## [Supplied material]
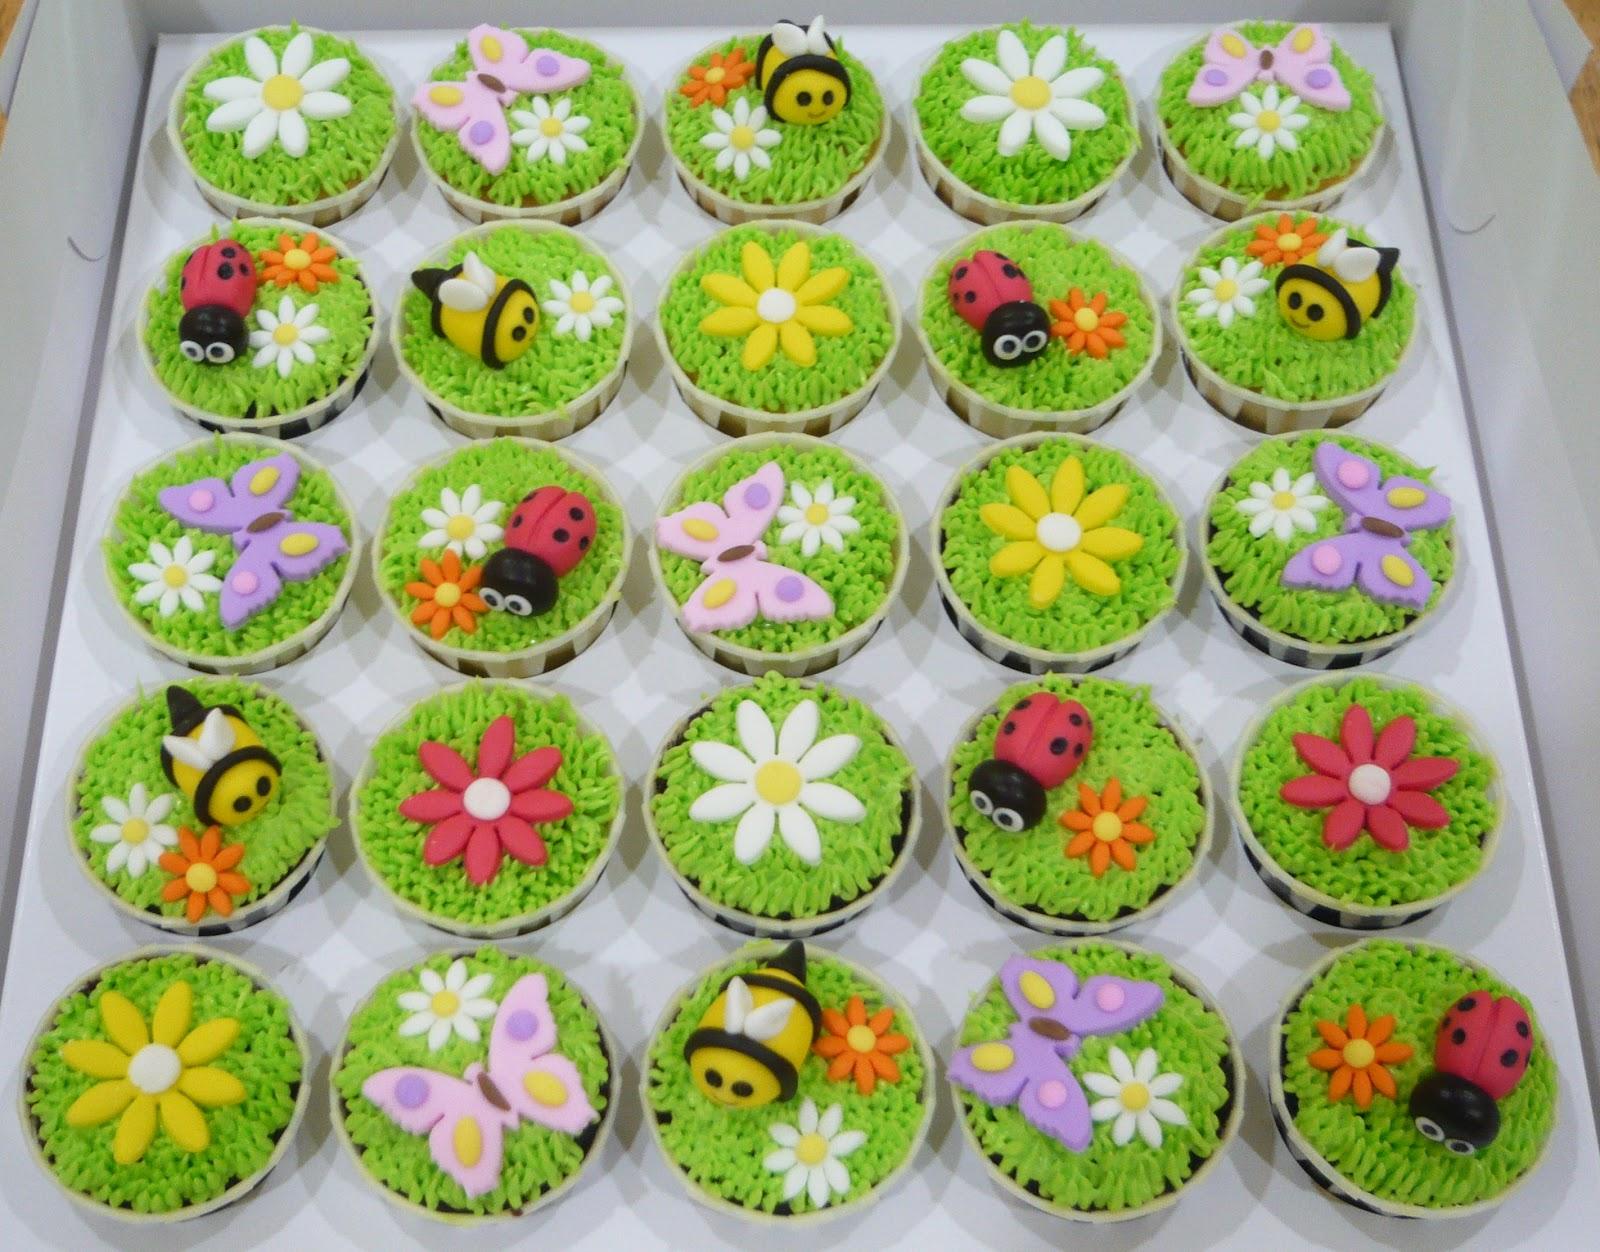 Jenn Cupcakes & Muffins: Garden themed Cupcakes
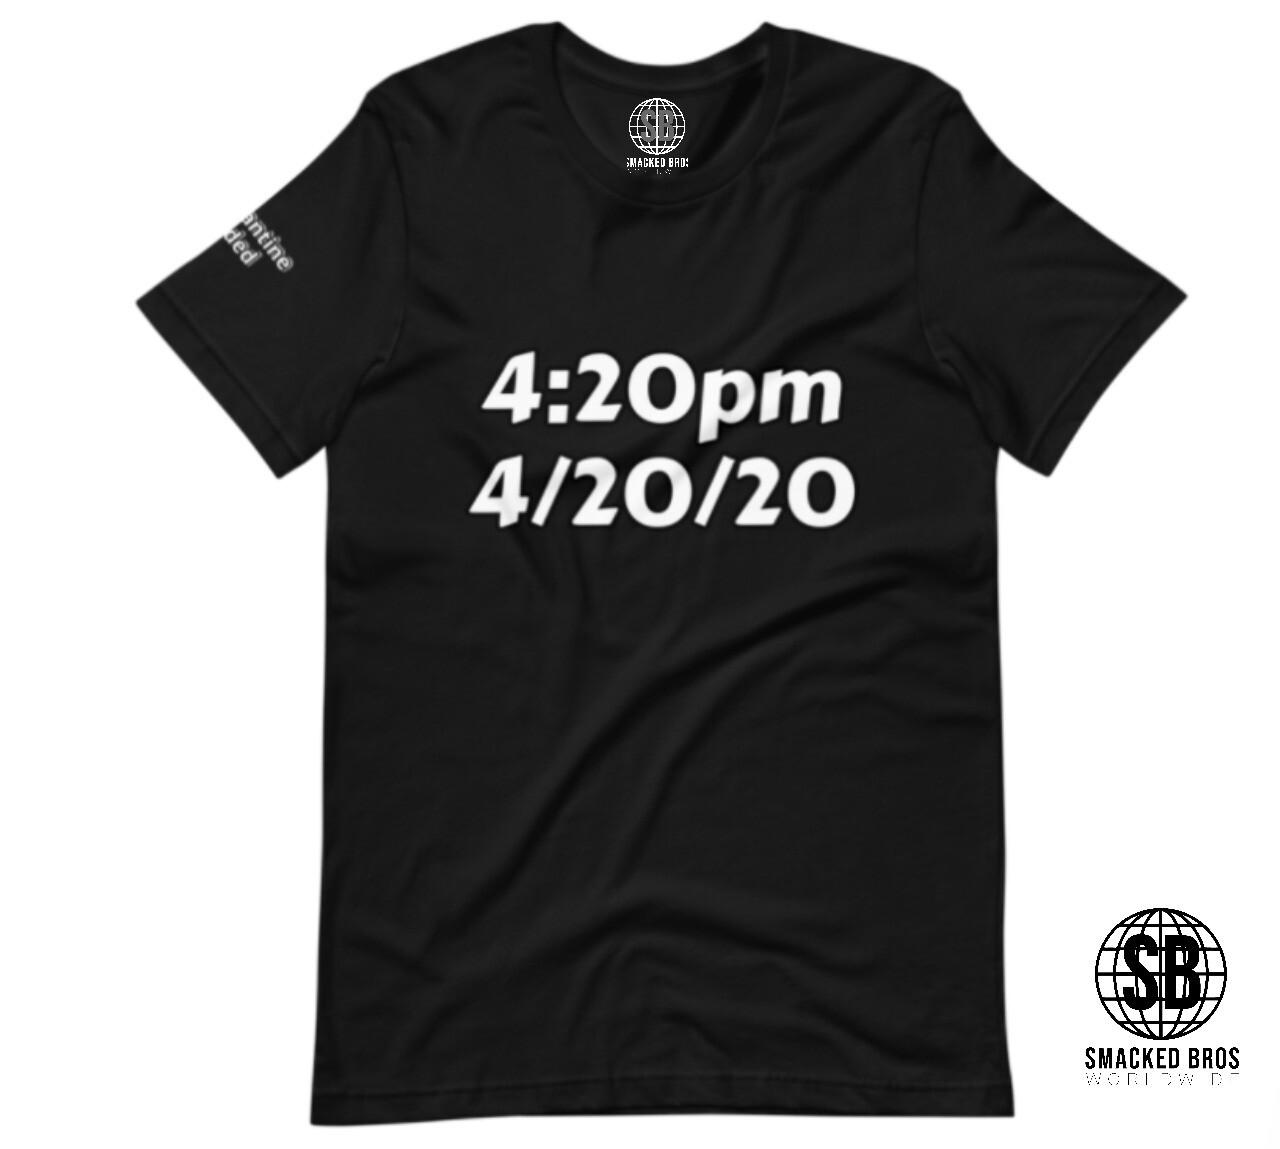 4:20 on 4/20/20
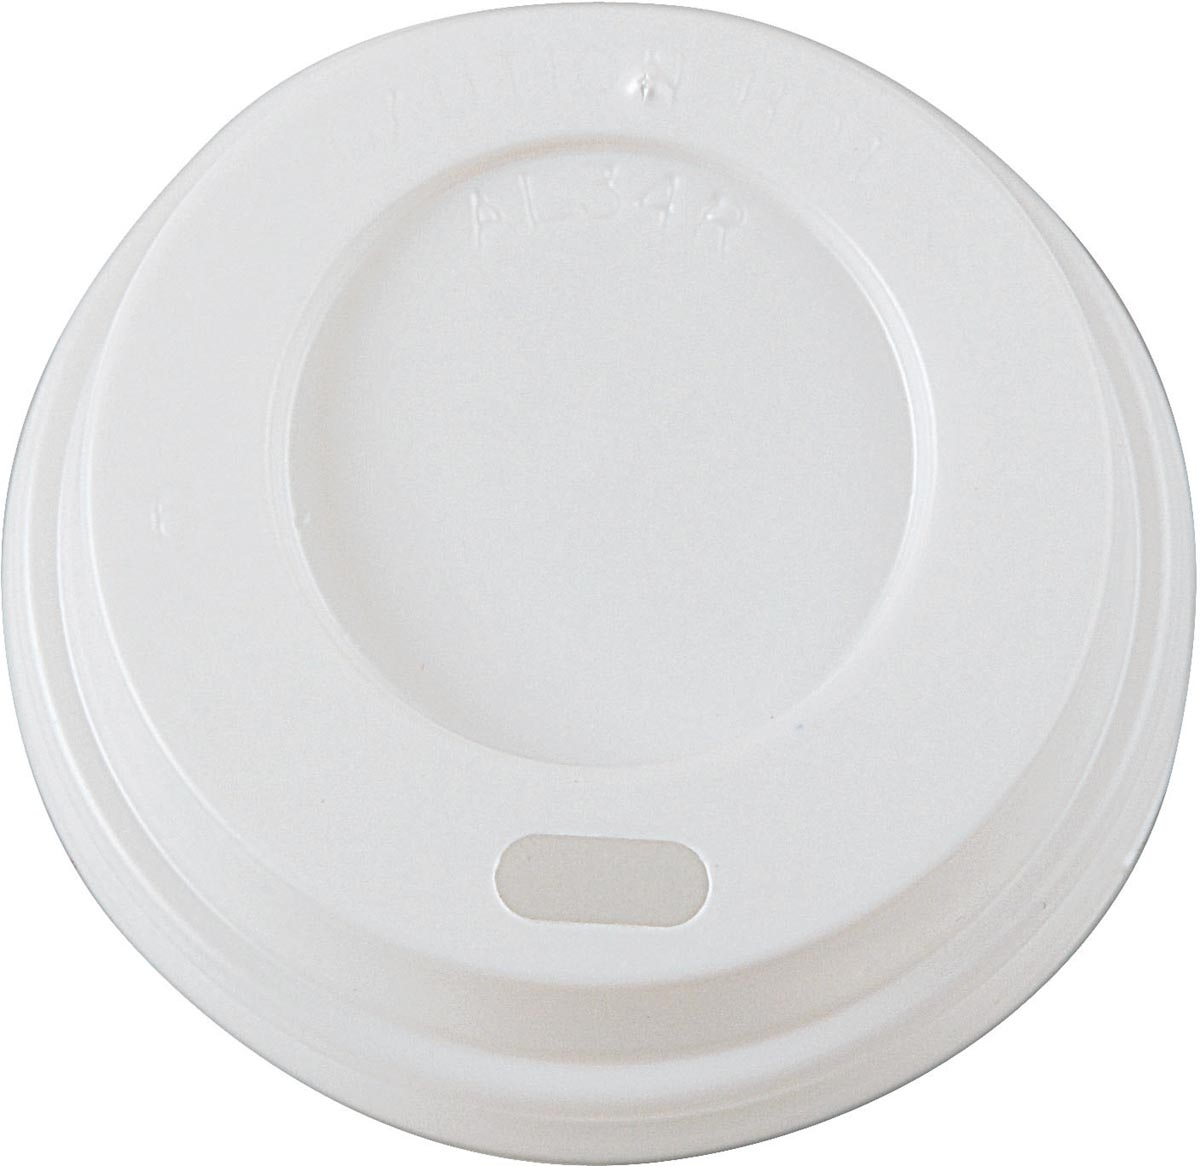 Deksel Coffee To Go, wit, diameter 62,5 mm, pak van 100 stuks
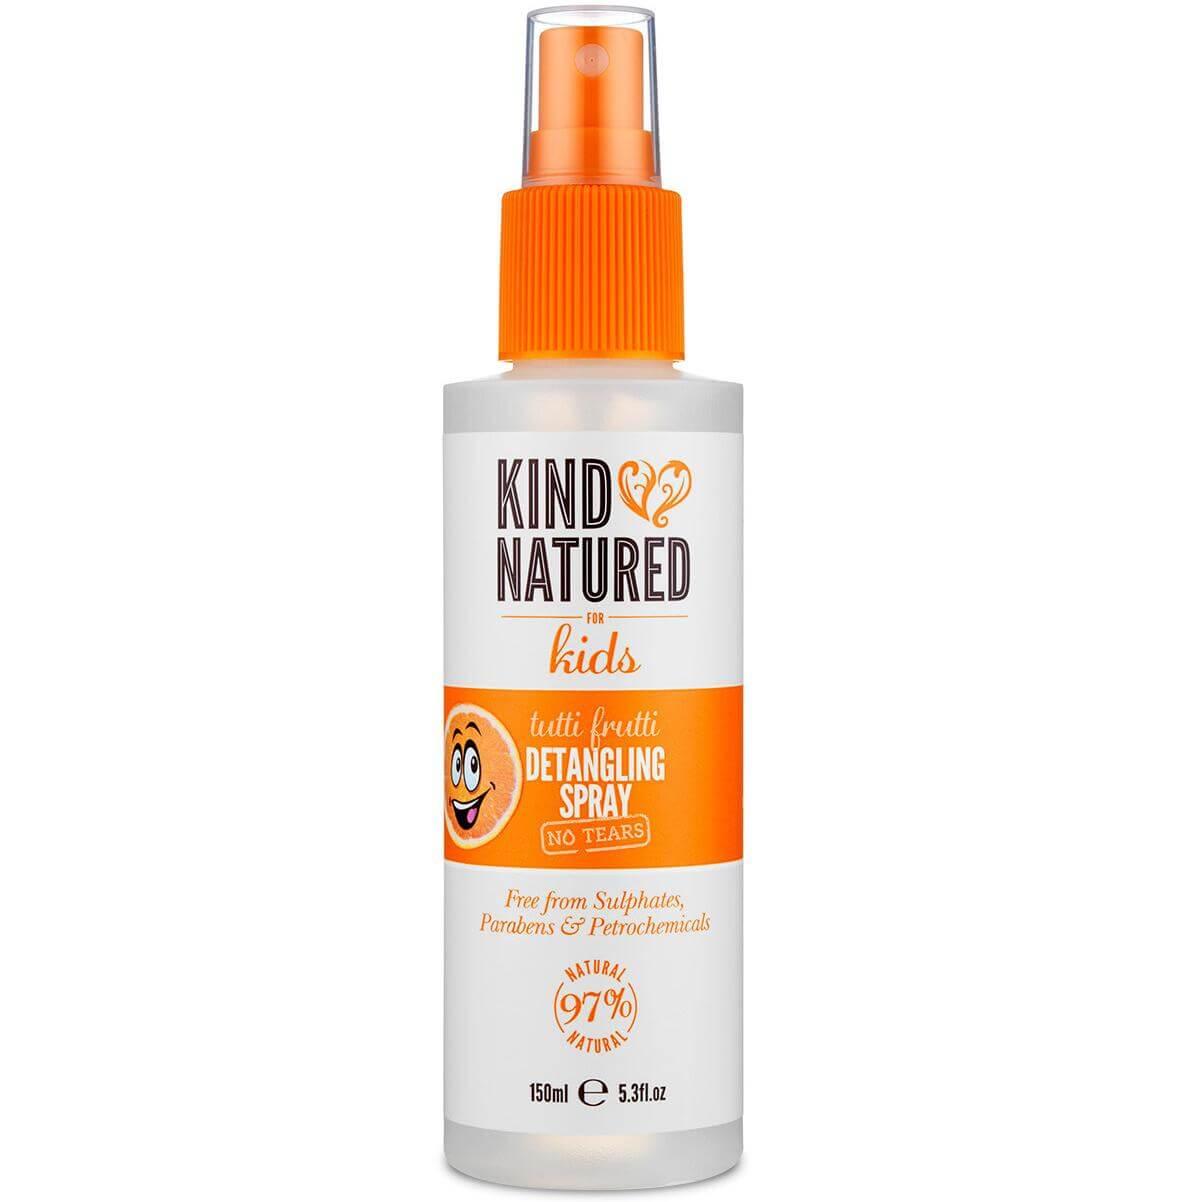 Kind Natured Tutti Frutti Detangling Spay No Tears Παιδικό Spray Μαλλιών με Άρωμα Φρούτων που Ξεμπερδεύει τα Μαλλιά 150ml
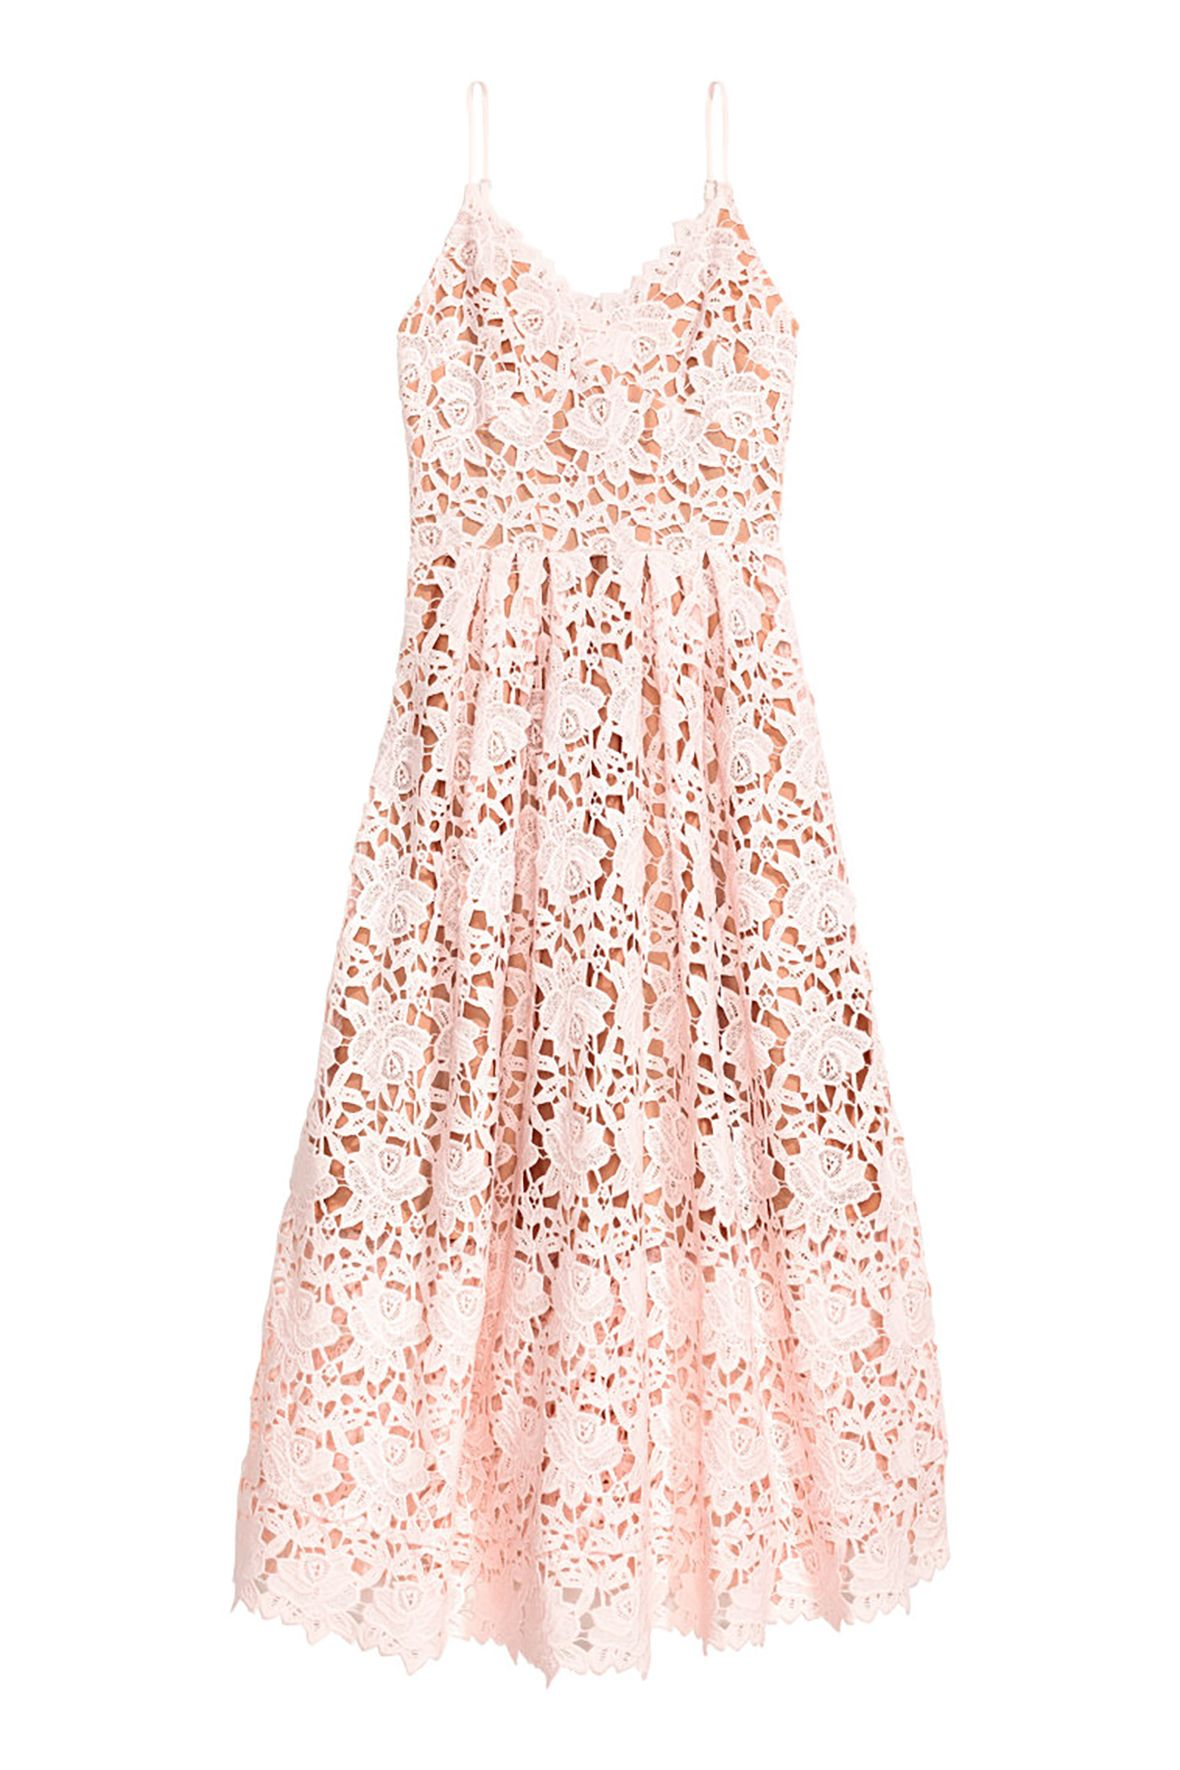 Lace Dress - Poor Little It Girl Weekly Weakness - H&M | FashionBox ...

## [Exercise instructions]
Without the pictures, reproduce every line of the records above exactly.

## [Task answer]
 Jenn Cupcakes & Muffins: Garden themed Cupcakes
 4:20 on 4/20/20
 Deksel Coffee To Go, wit, diameter 62,5 mm, pak van 100 stuks
 Kind Natured Tutti Frutti Detangling Spay No Tears Παιδικό Spray Μαλλιών με Άρωμα Φρούτων που Ξεμπερδεύει τα Μαλλιά 150ml
 Lace Dress - Poor Little It Girl Weekly Weakness - H&M | FashionBox ...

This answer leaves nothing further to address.